Premature Infant NEC Lawsuit Alleges Formula Caused Newborn’s Death
The side effects of Similac and Enfamil caused a premature infant to develop a deadly case of necrotizing enterocolitis (NEC), according to allegations raised in a lawsuit recently filed against the manufacturers of the cow’s milk formula products.
The complaint (PDF) was brought by Octavia Patton-Ashley in the U.S. District Court for the District of Colorado on June 17, indicating that Abbott Laboratories and Mead Johnson baby formula products were the direct cause of the death of her infant son, identified only as S.A. in the lawsuit.
Patton-Ashley’s son was born prematurely in February 2021, and was fed the cow’s milk-based formula after his discharge from the hospital, on doctors’ recommendations. He subsequently developed a devastating gastrointestinal disease, known as NEC, which resulted in the infant’s death on June 20, 2021.
A growing body of research has been published in recent years, finding that there is an increased risk of a premature infants developing NEC after being fed Similac or Enfamil, compared to babies who receive breast milk alone.
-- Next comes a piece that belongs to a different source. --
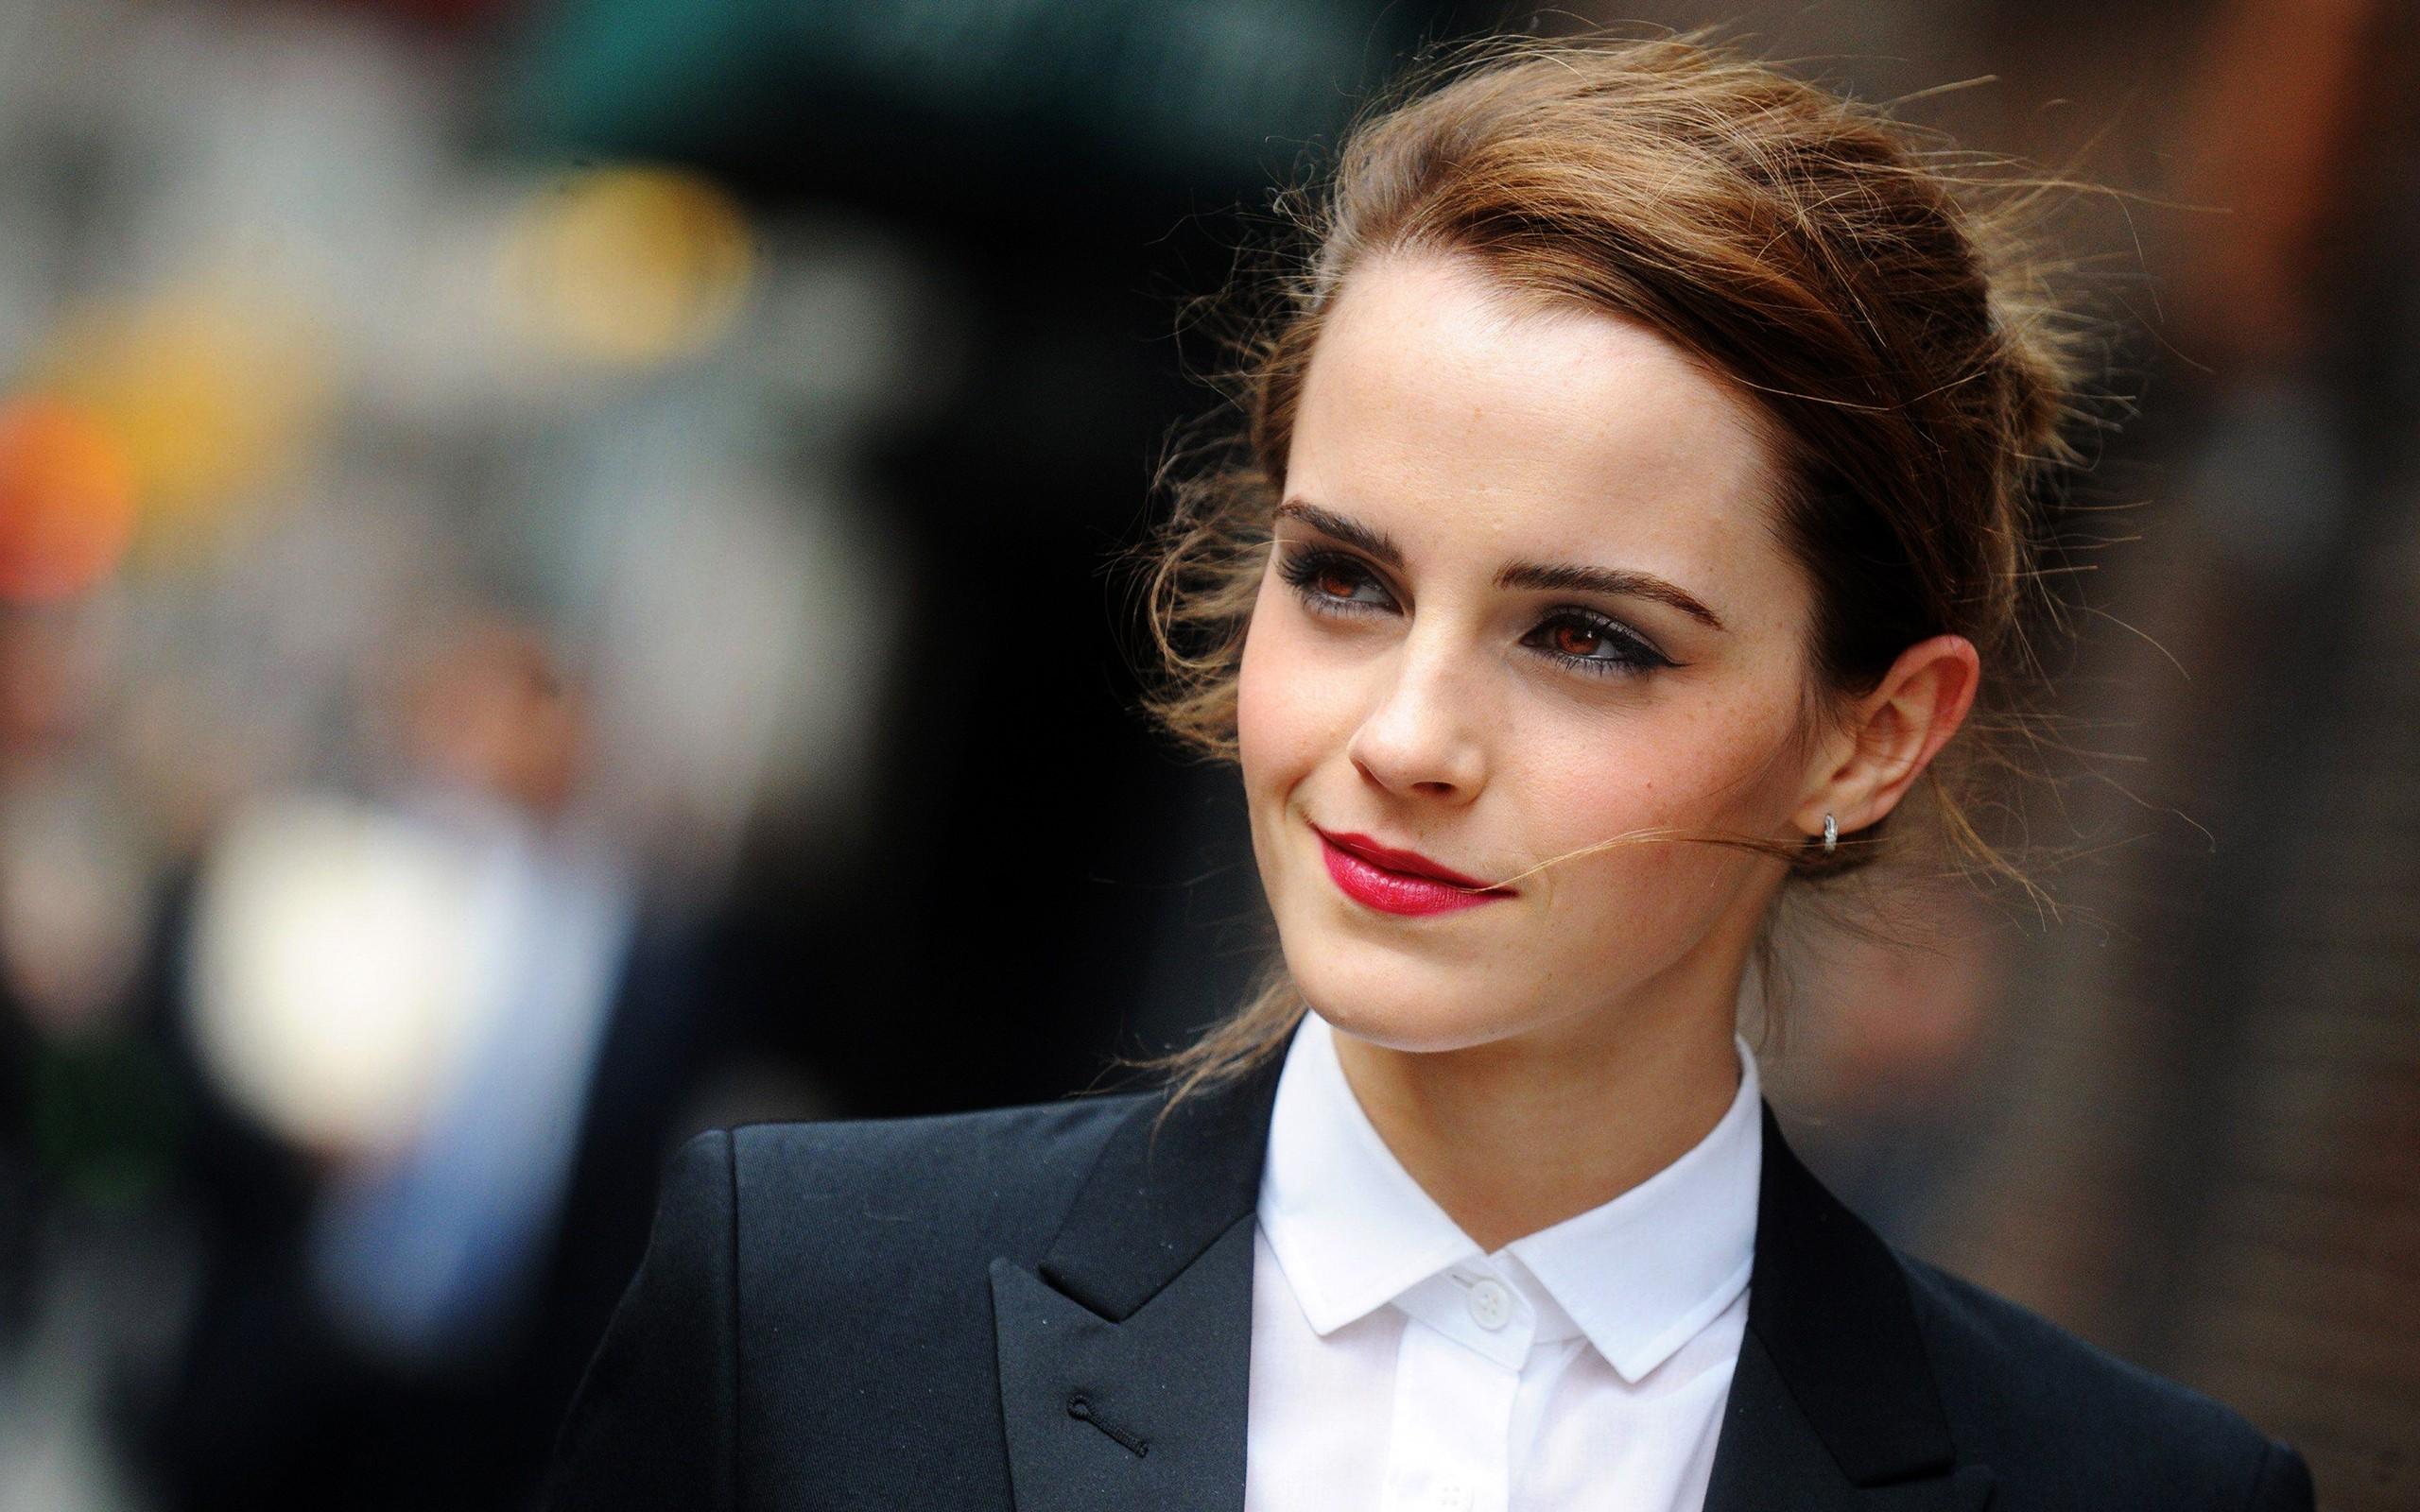 Emma Watson actress smile face make up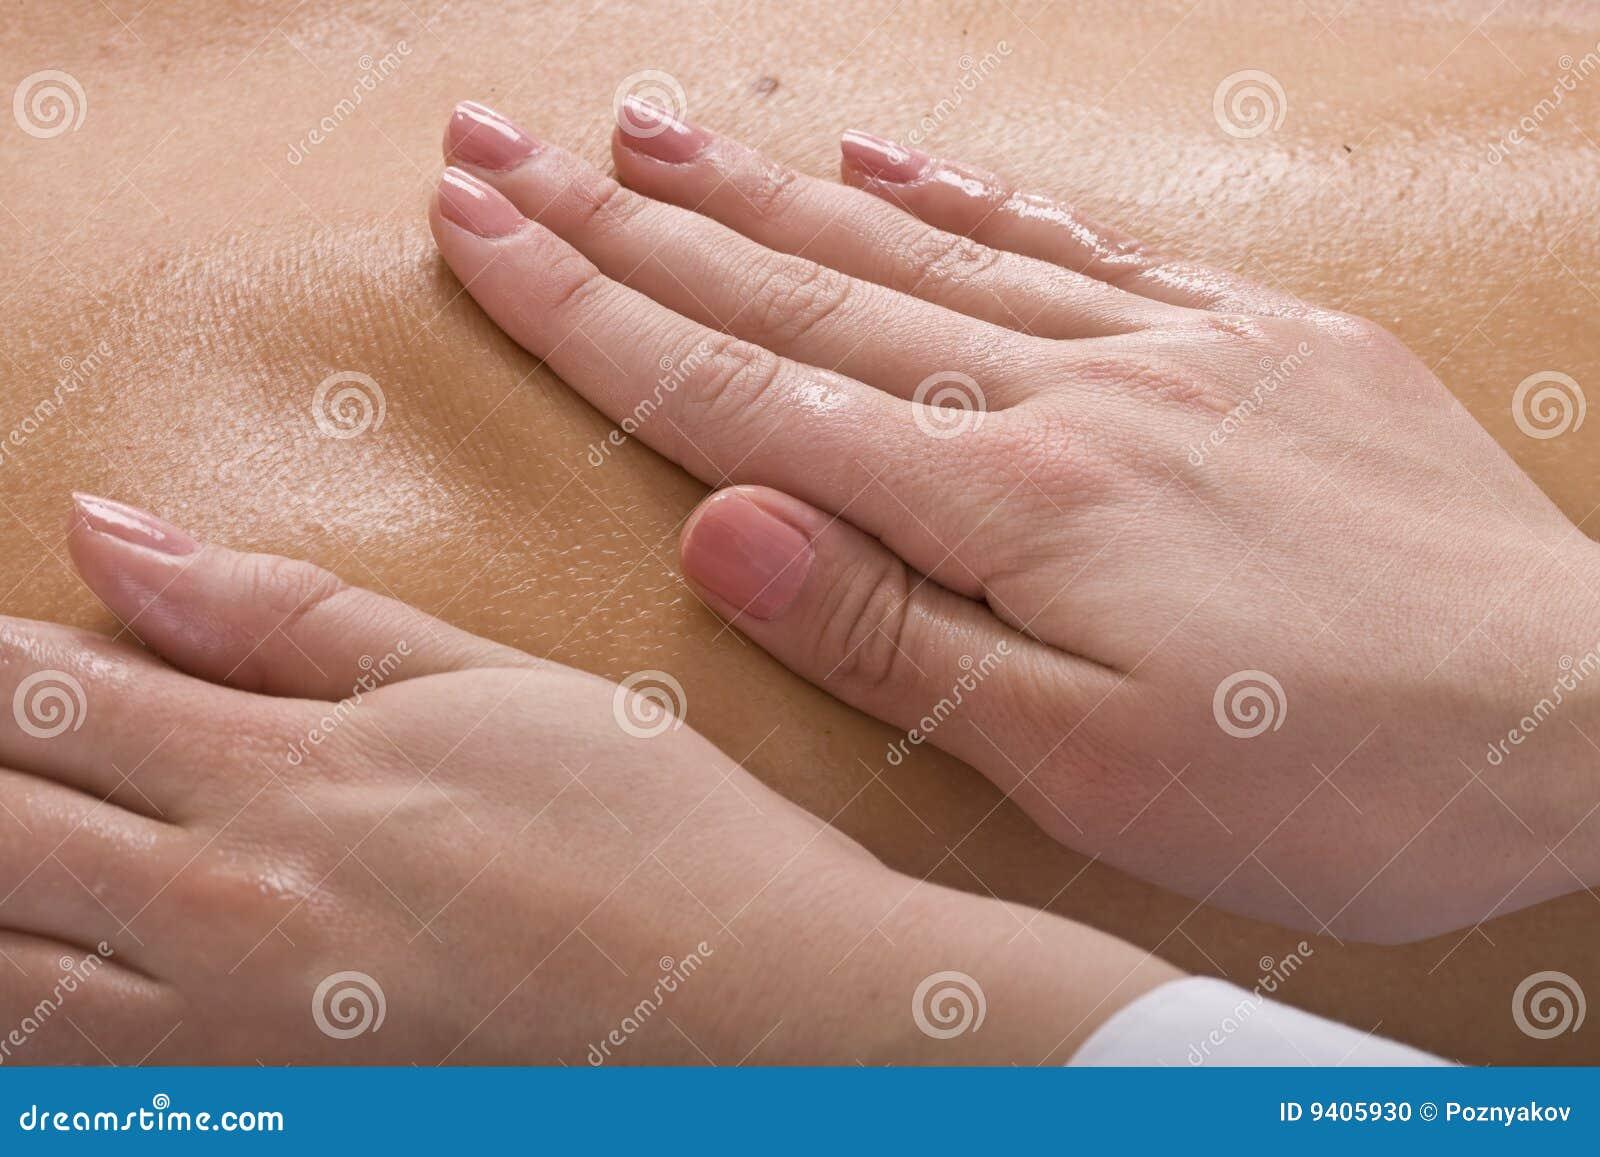 oily sexual massage sunshine brothel

However, Abbott and Mead Johnson withheld information from parents and the medical community for years, according to allegations raised by Patton-Ashley and a growing number of families pursuing similar NEC lawsuits throughout the federal court system.
Learn More About Baby Formula lawsuits
Premature infants fed Similac or Enfamil cow's milk formula faced increased risk of necrotizing enterocolitis (NEC) or wrongful death.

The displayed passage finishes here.